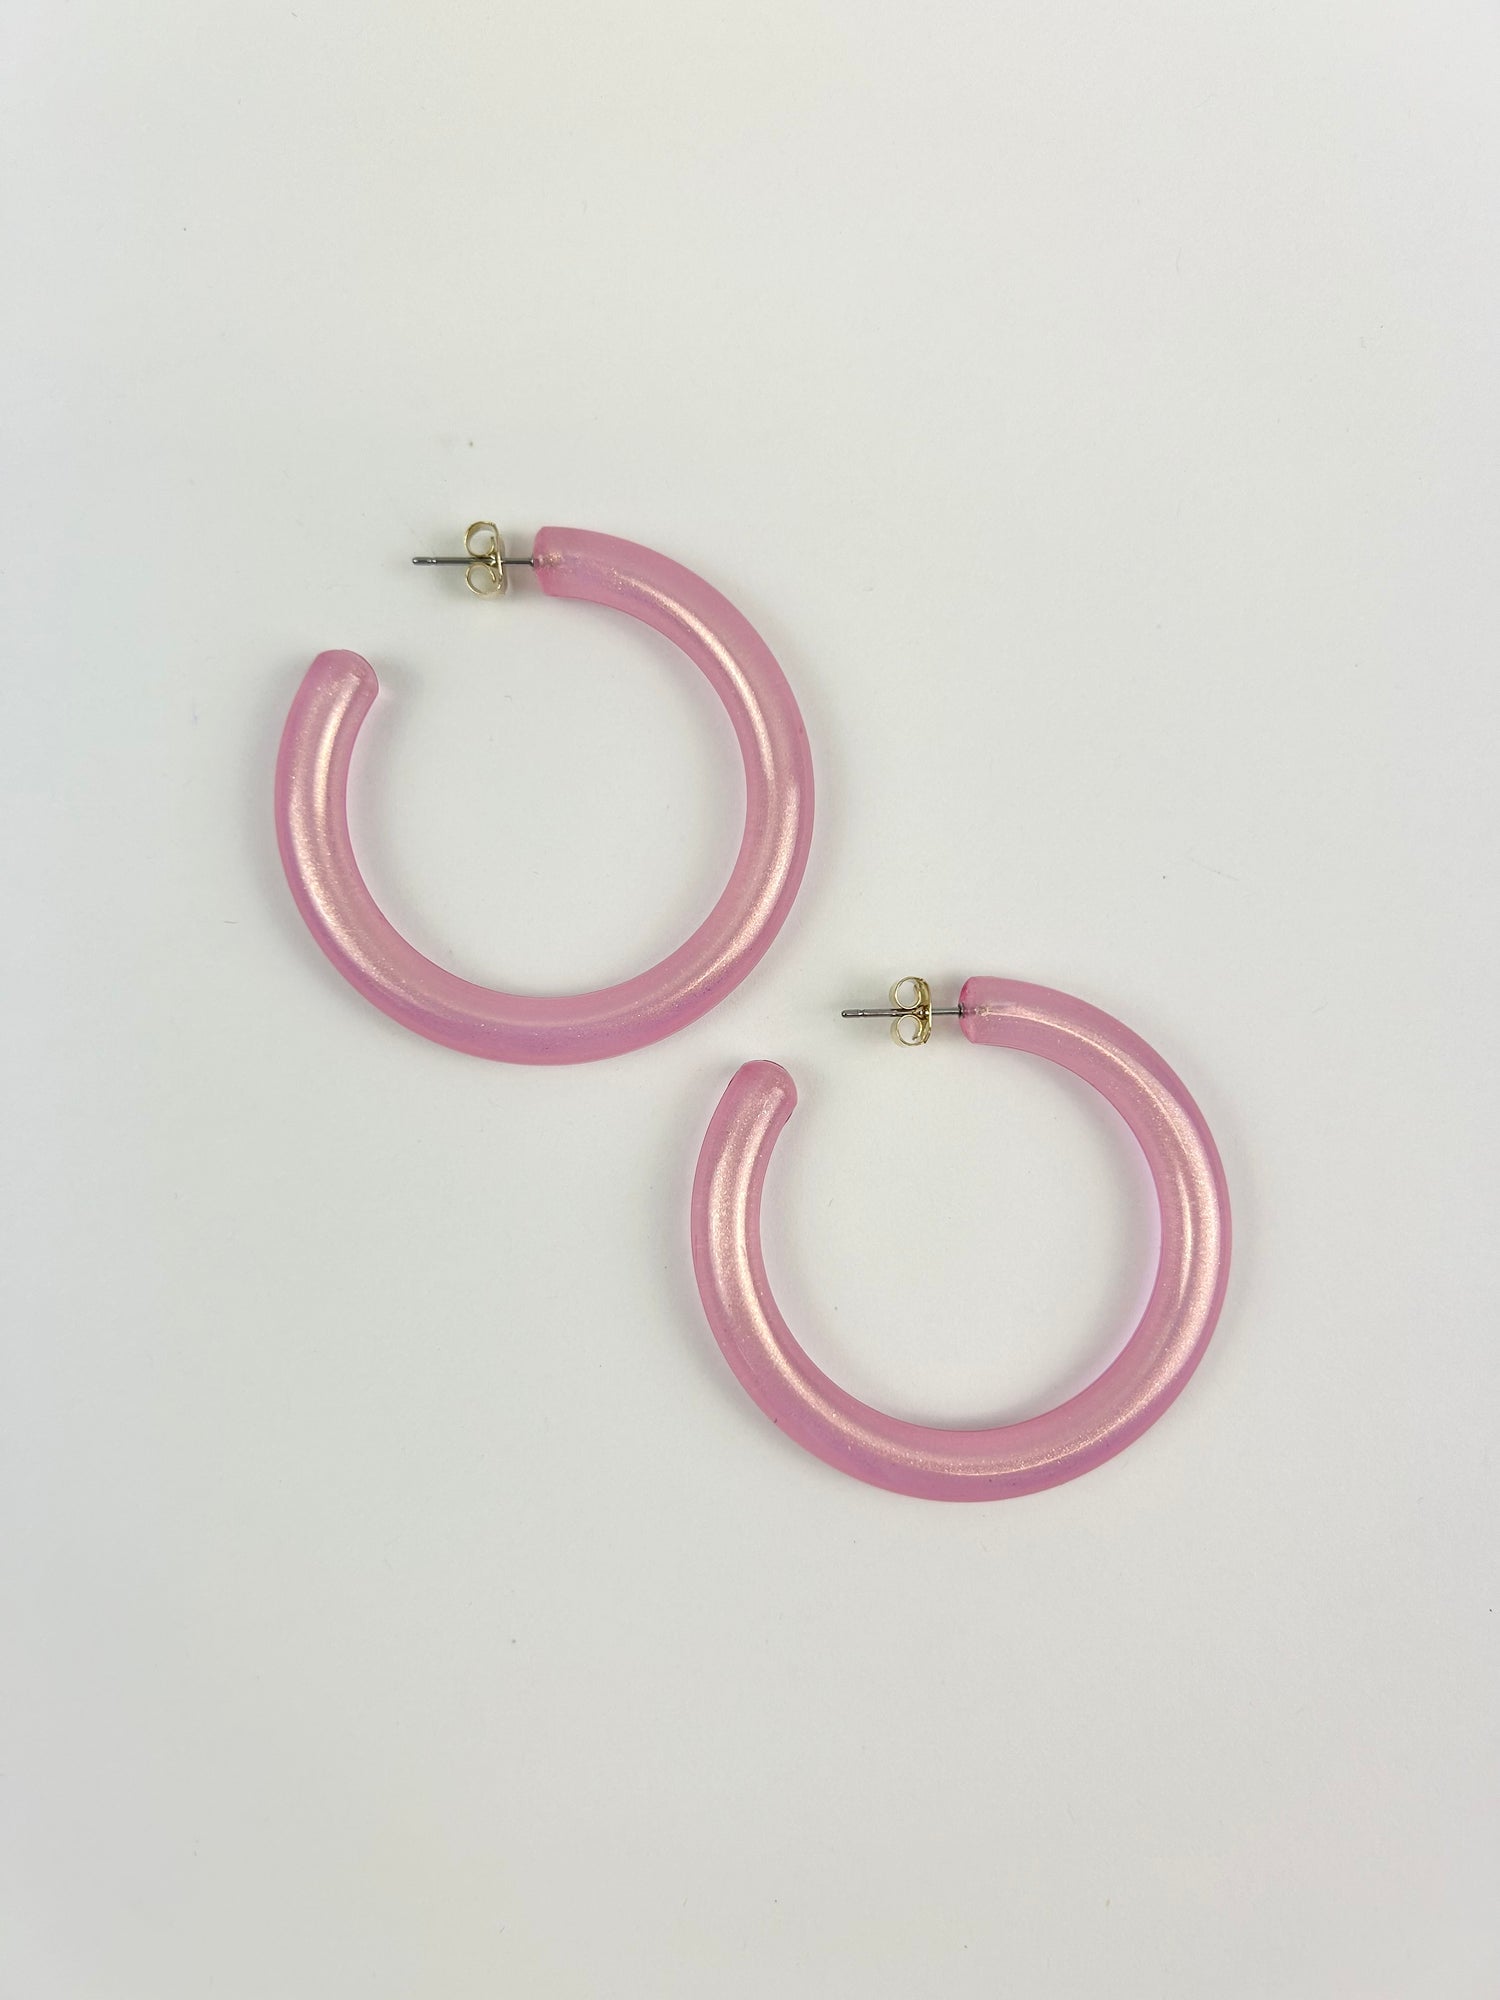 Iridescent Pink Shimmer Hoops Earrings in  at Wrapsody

┄┄┄┄┄┄┄┄┄┄

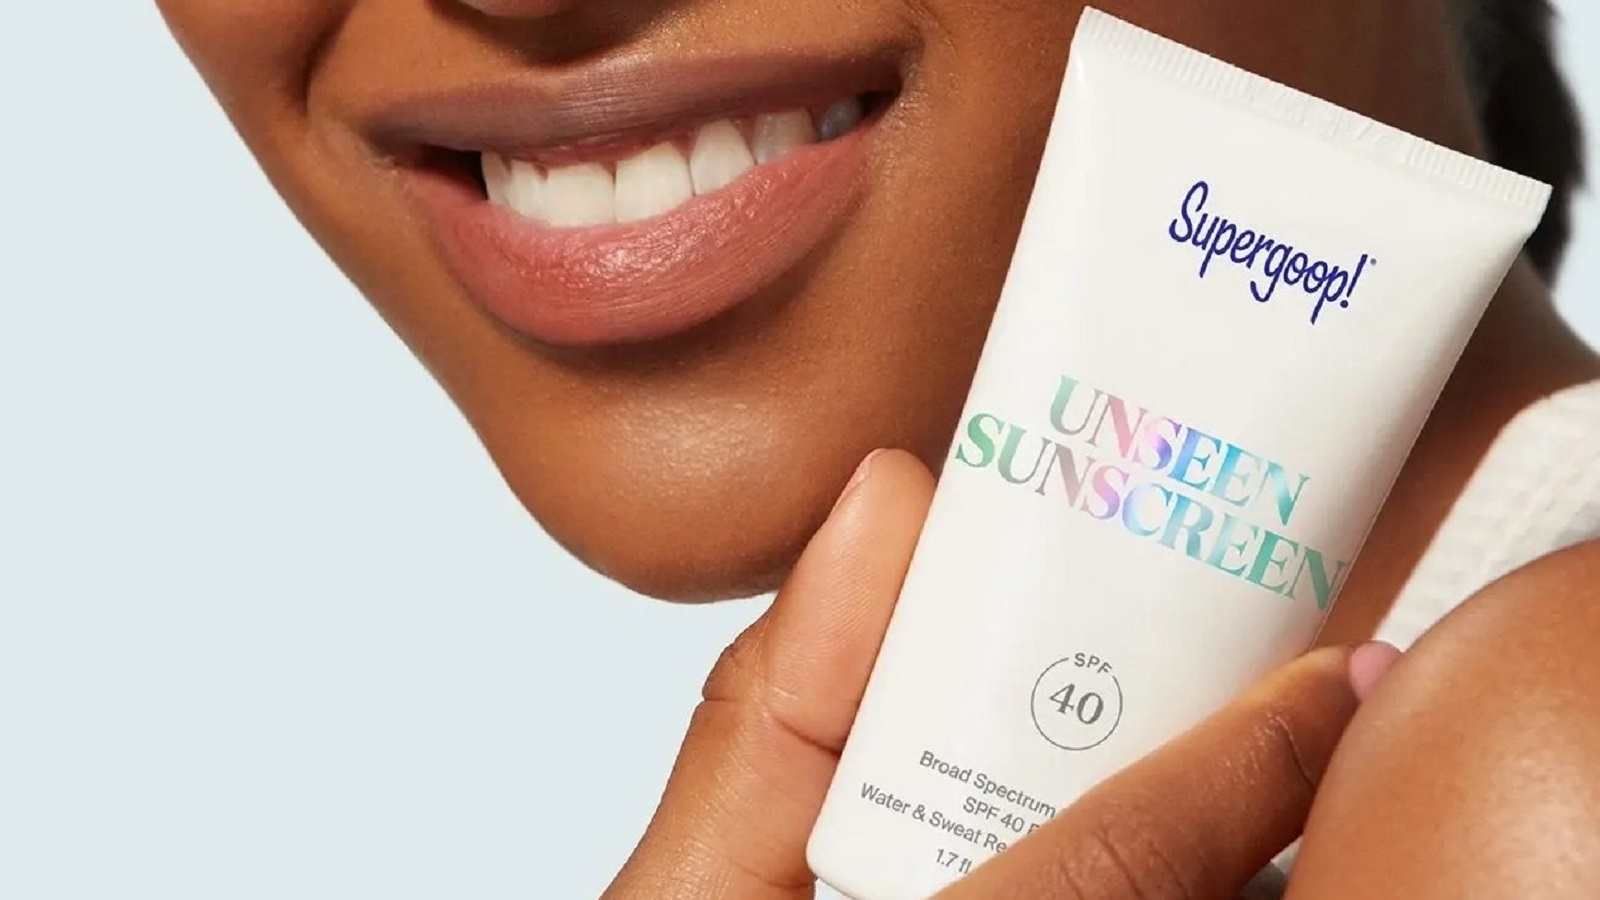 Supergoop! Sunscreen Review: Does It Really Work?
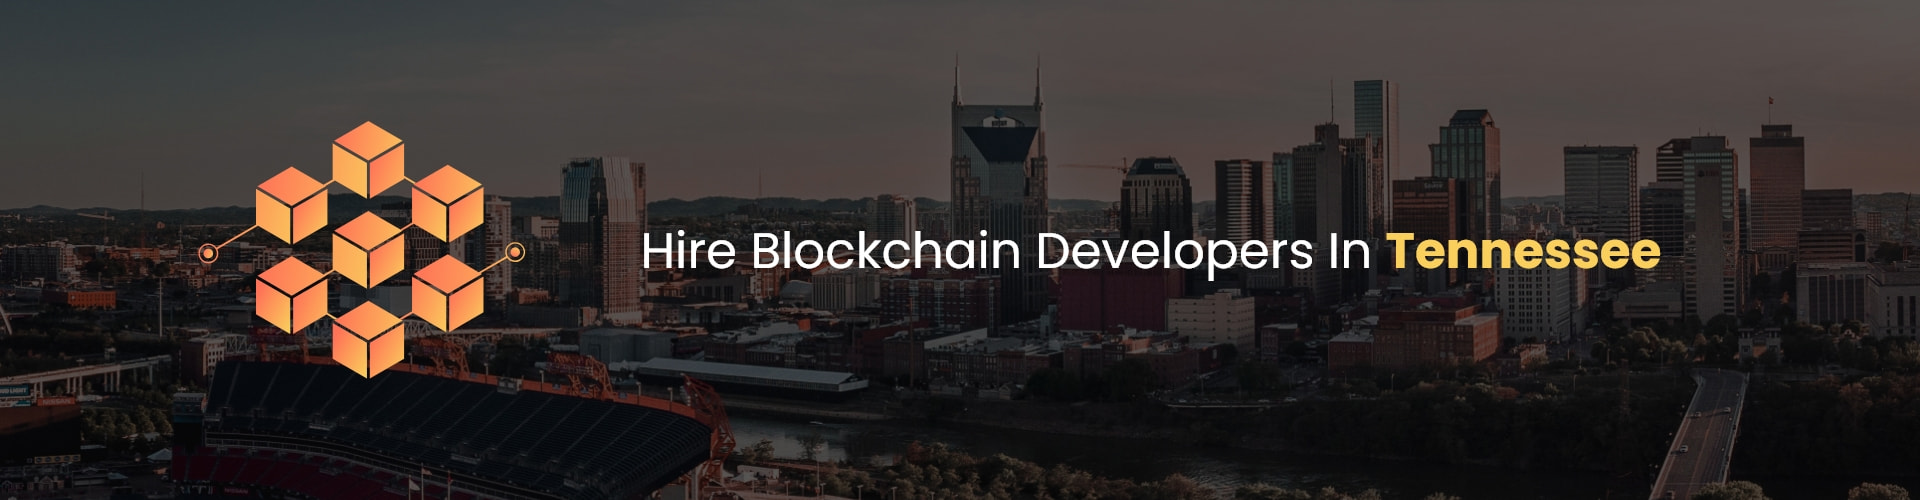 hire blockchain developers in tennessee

┄┄┄┄┄┄┄┄┄┄

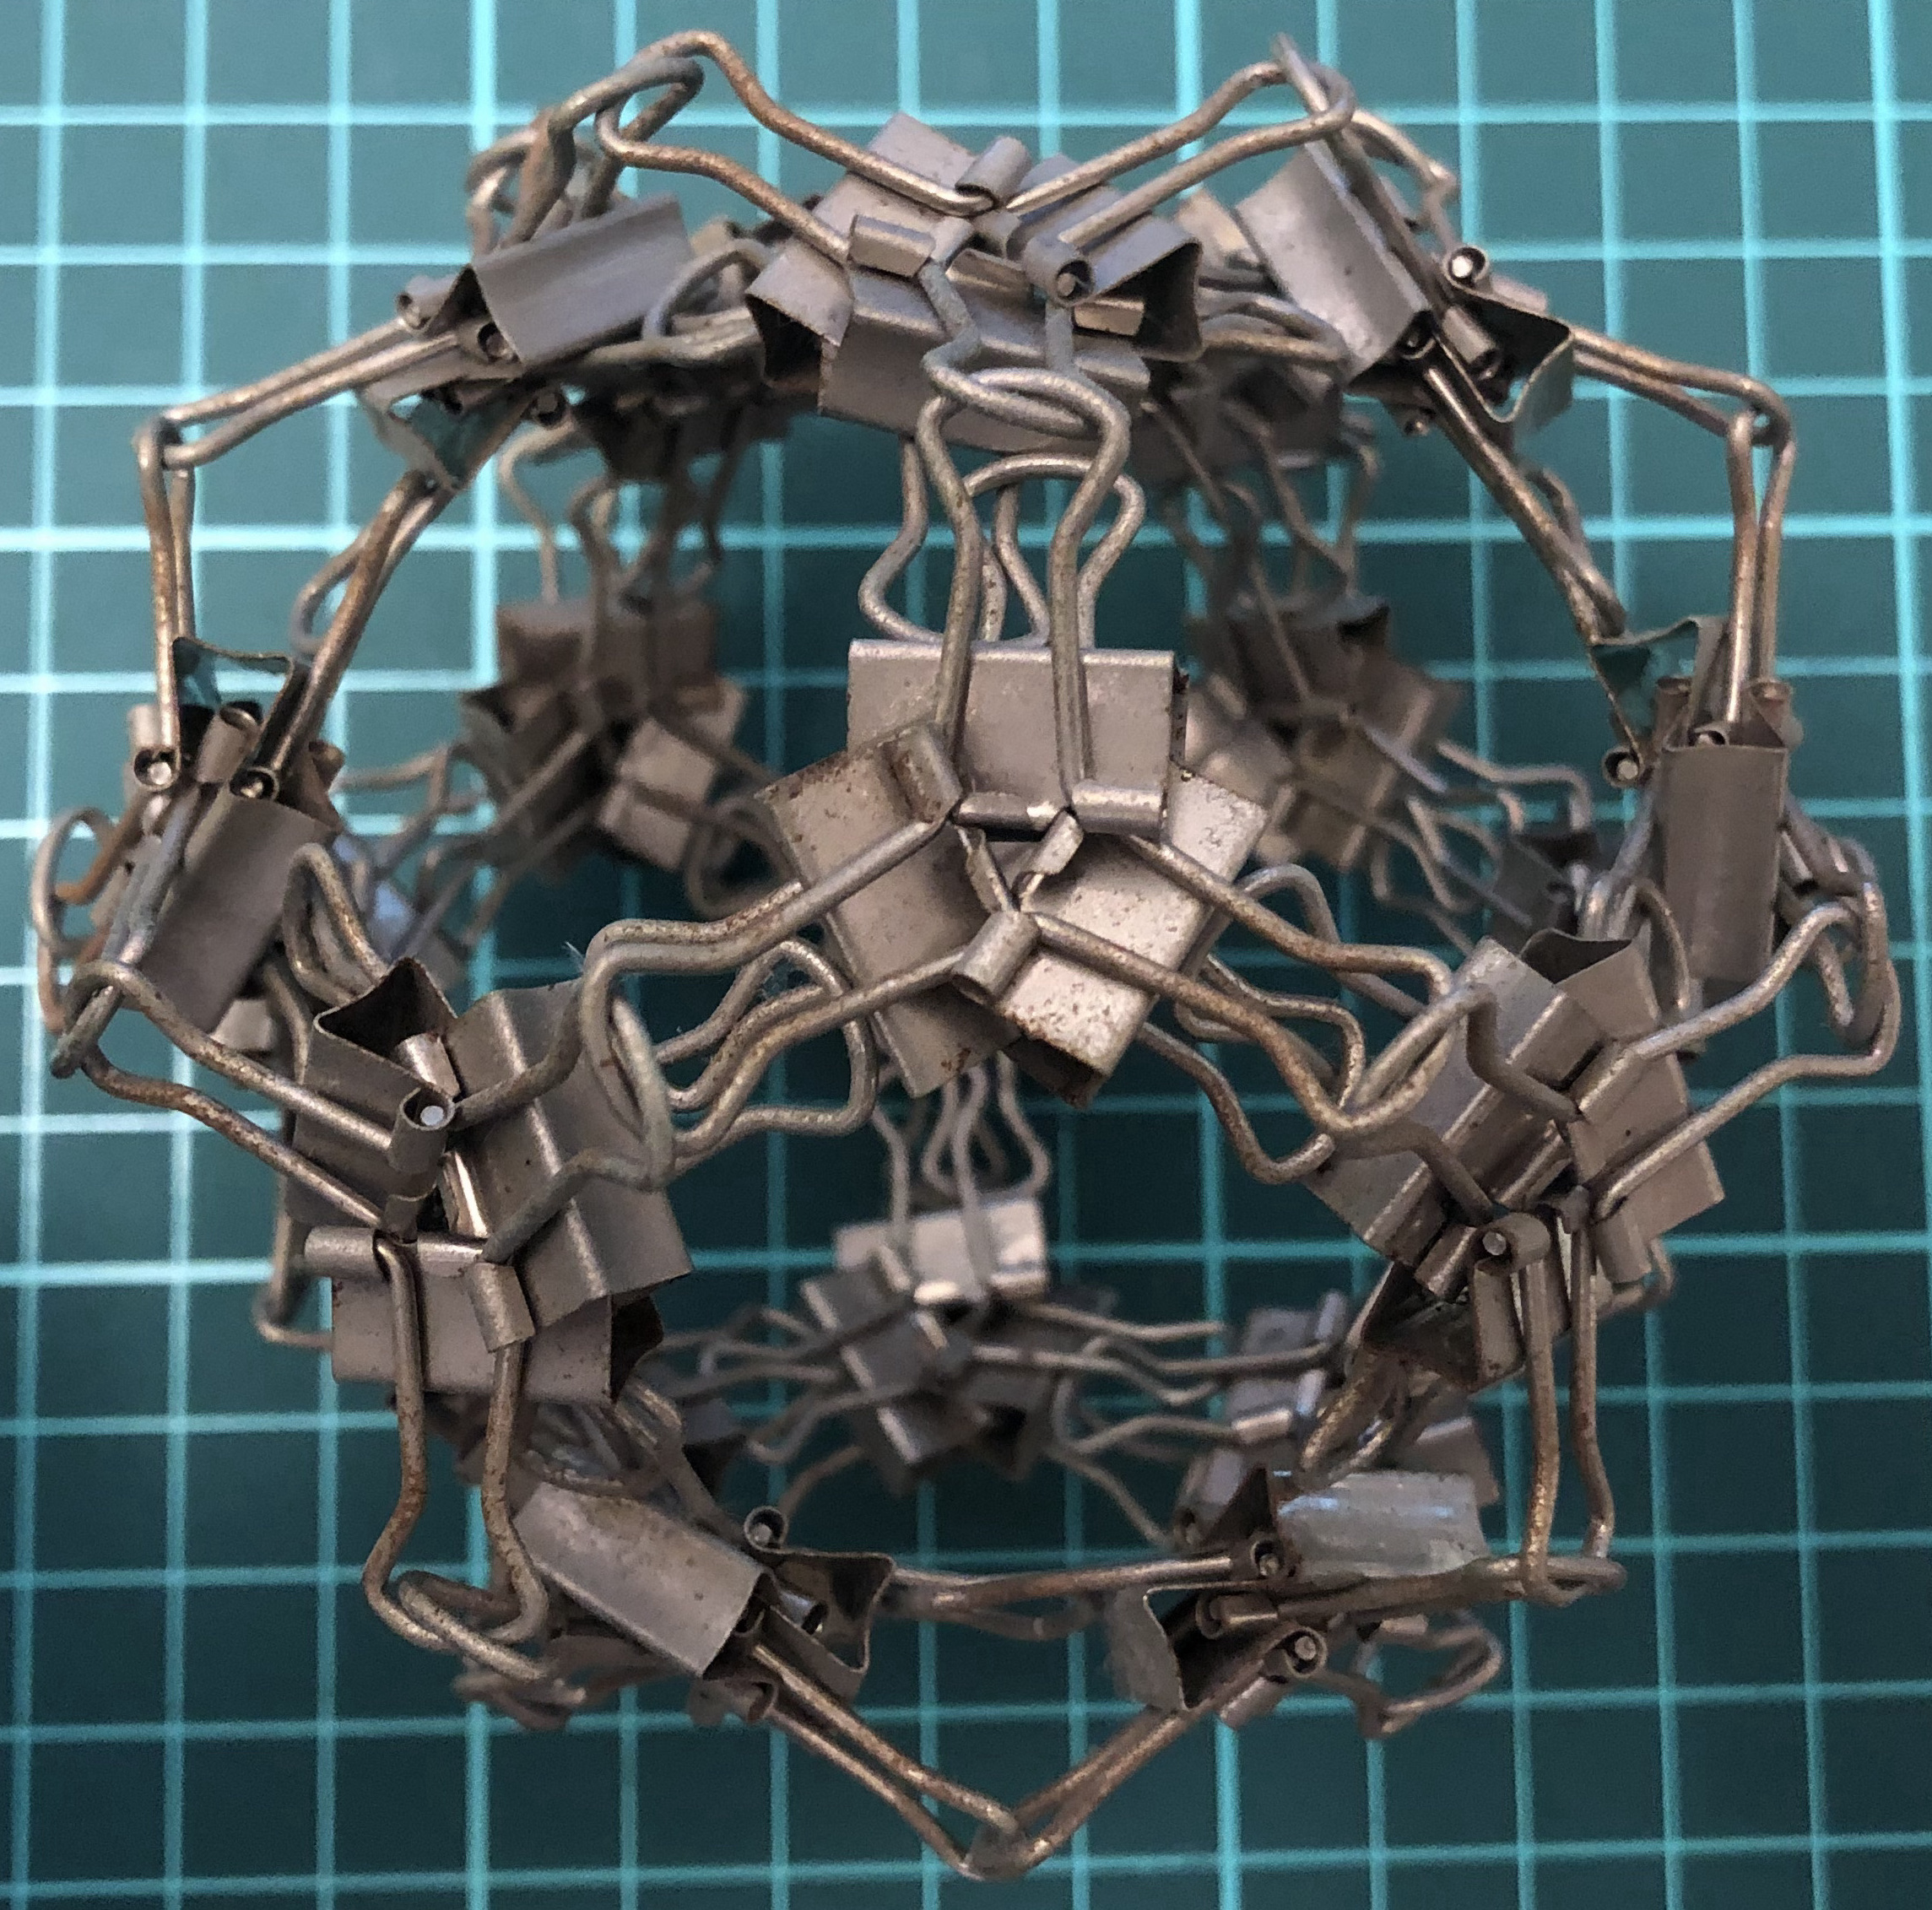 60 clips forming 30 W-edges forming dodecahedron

┄┄┄┄┄┄┄┄┄┄

## Your goal
Pictures excluded, transcribe the listing above exactly from the line with "Supergoop! Sunscreen Review: Does" through the line with "hire blockchain developers in tennessee", and no further.

## Solution for this problem
 Supergoop! Sunscreen Review: Does It Really Work?
 hire blockchain developers in tennessee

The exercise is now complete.